Structurally, the New Oi will be formed by Oi Fibra, focused on the Consumer and Small and Medium Enterprises market; Oi Soluções, the unit that integrates IT and connectivity solutions for large companies in the B2B market; the relevant shareholding position in V.tal, the largest infrastructure and neutral network company in the country; and by two wholly-owned subsidiaries, Serede and Tahto, dedicated to network and logistics services and customer care and relationship services throughout the country, respectively. In addition, Oi continues to operate the services of its obligations as a wireline concessionaire and other services based on legacy infrastructure. With this, the Company remains firm in its purpose of providing digital solutions and fiber optic connections that aim to improve the lives of people and companies across the country.
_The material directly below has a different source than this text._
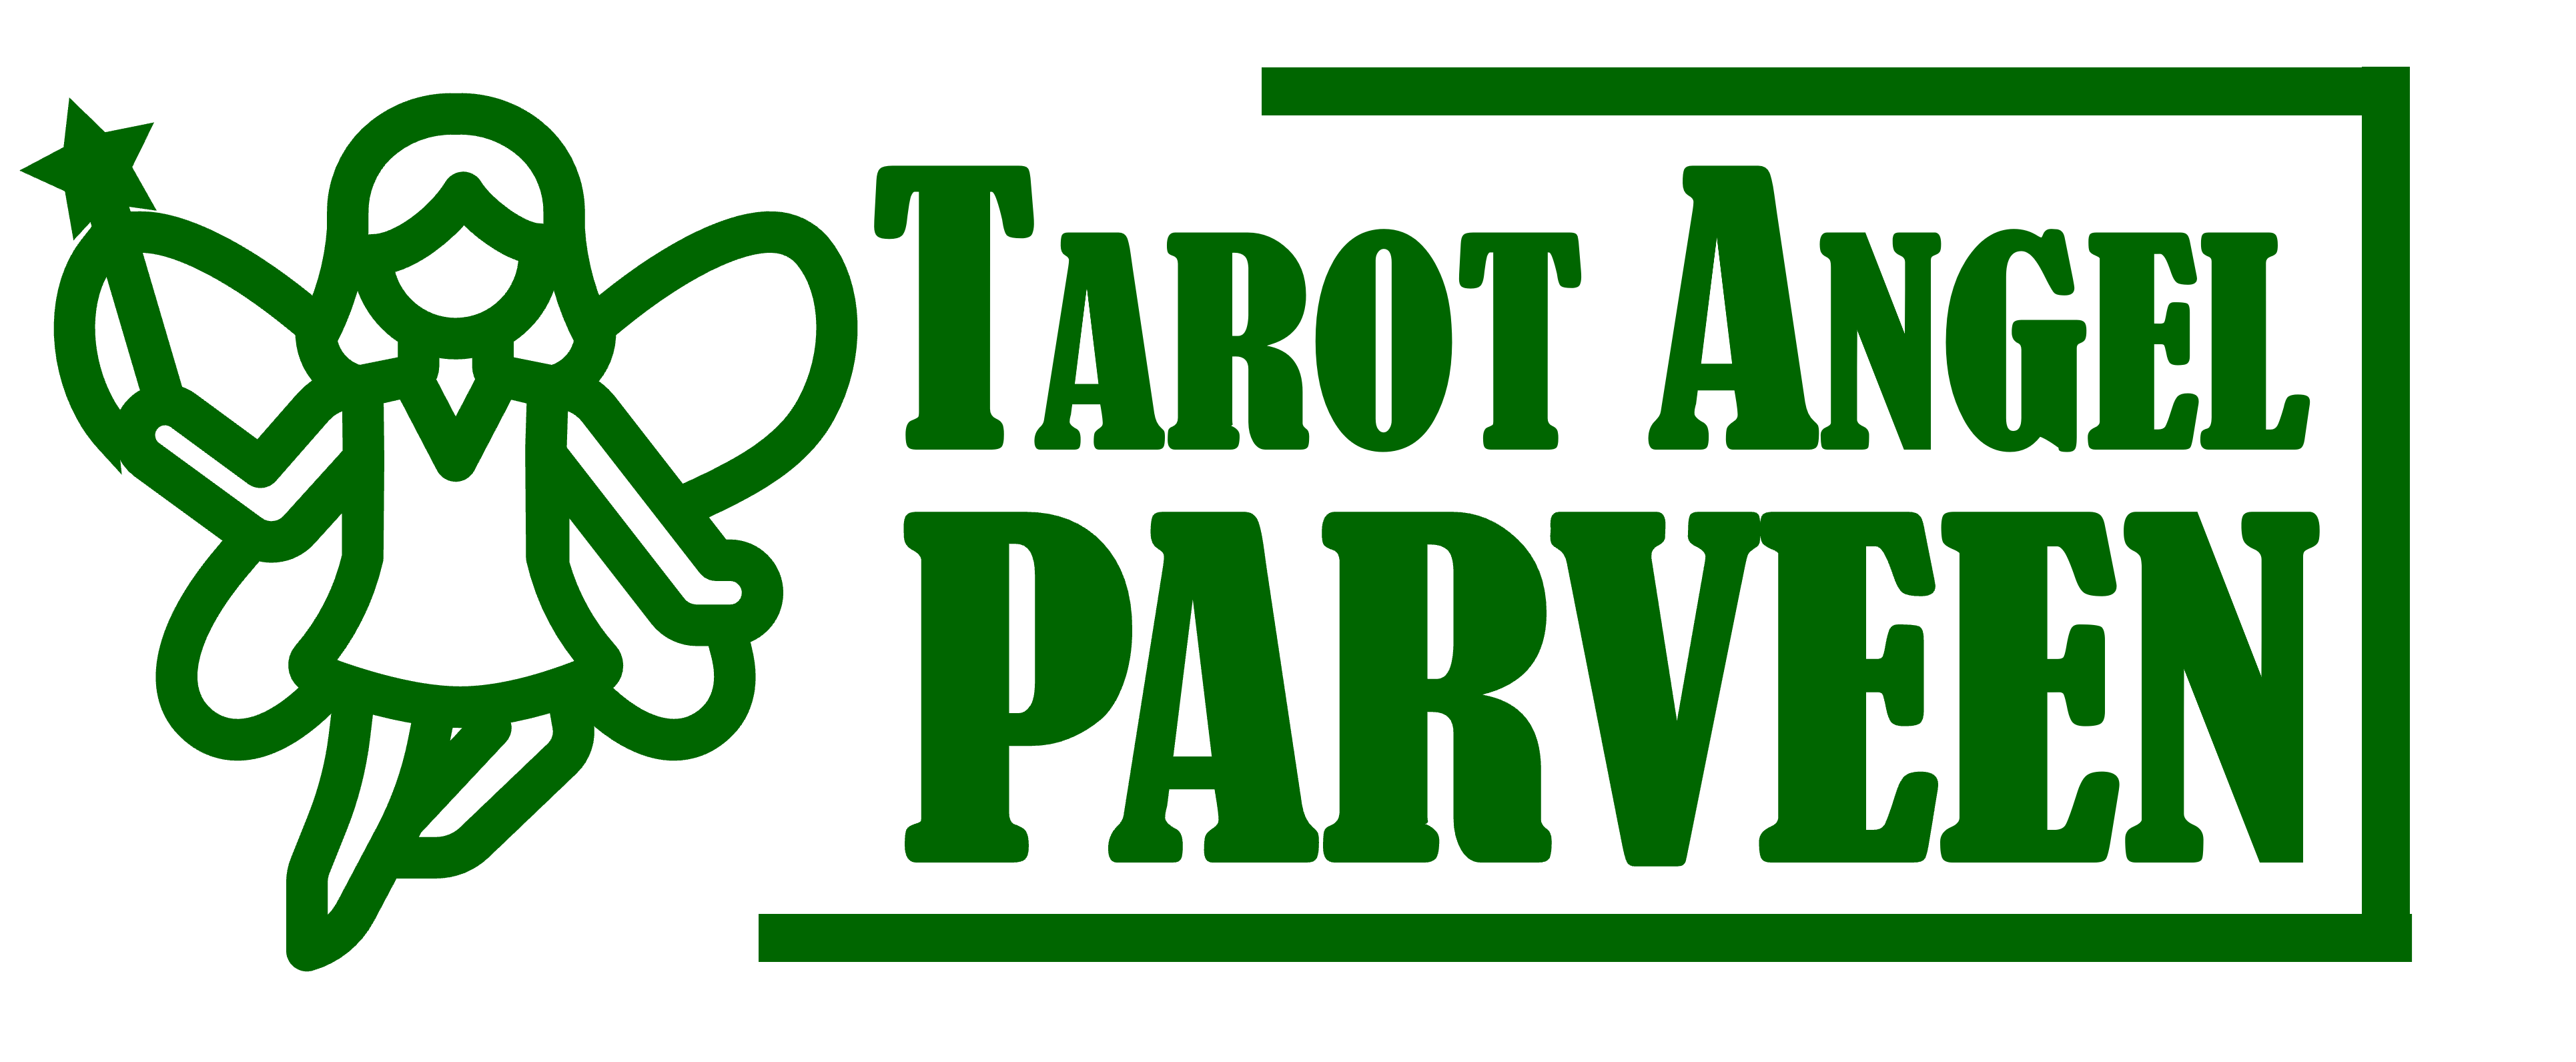 Tarot Angel Parvin

In parallel with the process of the judicial supervision recovery closing, as informed in the Material Fact disclosed by the Company on Oct 27, 2022, Oi initiated negotiations with its creditors with the help of Moelis & Company’s financial advisors, aiming to optimize its debt profile, thus guaranteeing the Company’s commitment to continue the execution of its Strategic Plan and continue to take all necessary actions to restore its long-term sustainability and feasibility.

Q&A on JR’s Closing

1 – What effectively changes with the end of the Judicial Reorganization for shareholders?

The closing of the Judicial Reorganization Process represents the conclusion of a cycle, during which the Company was able to restructure itself and equate important issues. Obviously, the work does not end here. Much remains to be done and Oi is ready to explore all the alternatives made available to improve its debt profile, guaranteeing the necessary stability to be able to focus more on its operations, seeking out the sustainability of our operating cash generation. On the other hand, the end of the Judicial Reorganization process allows the Company, over time, to be eligible again to reintegrate gradually B3’s indices, such as the Ibovespa, which brings together the most tradable shares on the Brazilian Stock Exchange. This will bring more visibility and demand for Oi’s shares traded on B3.

2 – Although the closing of the Company’s Judicial Reorganization process, Oi still faces major challenges, such as the development of its new operating model and the optimization of its Capital Structure. What will be the next steps?

Oi successfully carried out all the steps provided for in the Judicial Reorganization Plan and in the Amendment to the Plan so far, with emphasis on the conclusion of the sales of the Mobile Assets UPI and InfraCo UPI. As a result, Oi was able to raise more than R$ 20 billion in cash to fund itself, reduce its debt and make the necessary investments to guarantee its active participation in the creation of the largest neutral network company in the country.

Even so, Oi will continue to focus on ensuring its long-term sustainability, executing its Strategic Plan and, at the same time, focusing on fiber development and managing its Capital Structure, seeking out greater balance between maturities and debt cost, leveraging on its assets, mainly the stake in V.tal.

The turnaround of the fiber business and legacy operations is proceeding according to plan. In addition, in the coming years, we expect favorable regulatory decisions, mainly in the Arbitration process with ANATEL, which should benefit Oi by reestablishing the economic balance of the Concession and offsetting possible migration costs to a new model.

To assist the Company in the process of balancing the Capital Structure, Moelis & Company was hired as a financial advisor for the development of a solution both within the scope of the Amendment to the Plan and the Strategic Plan.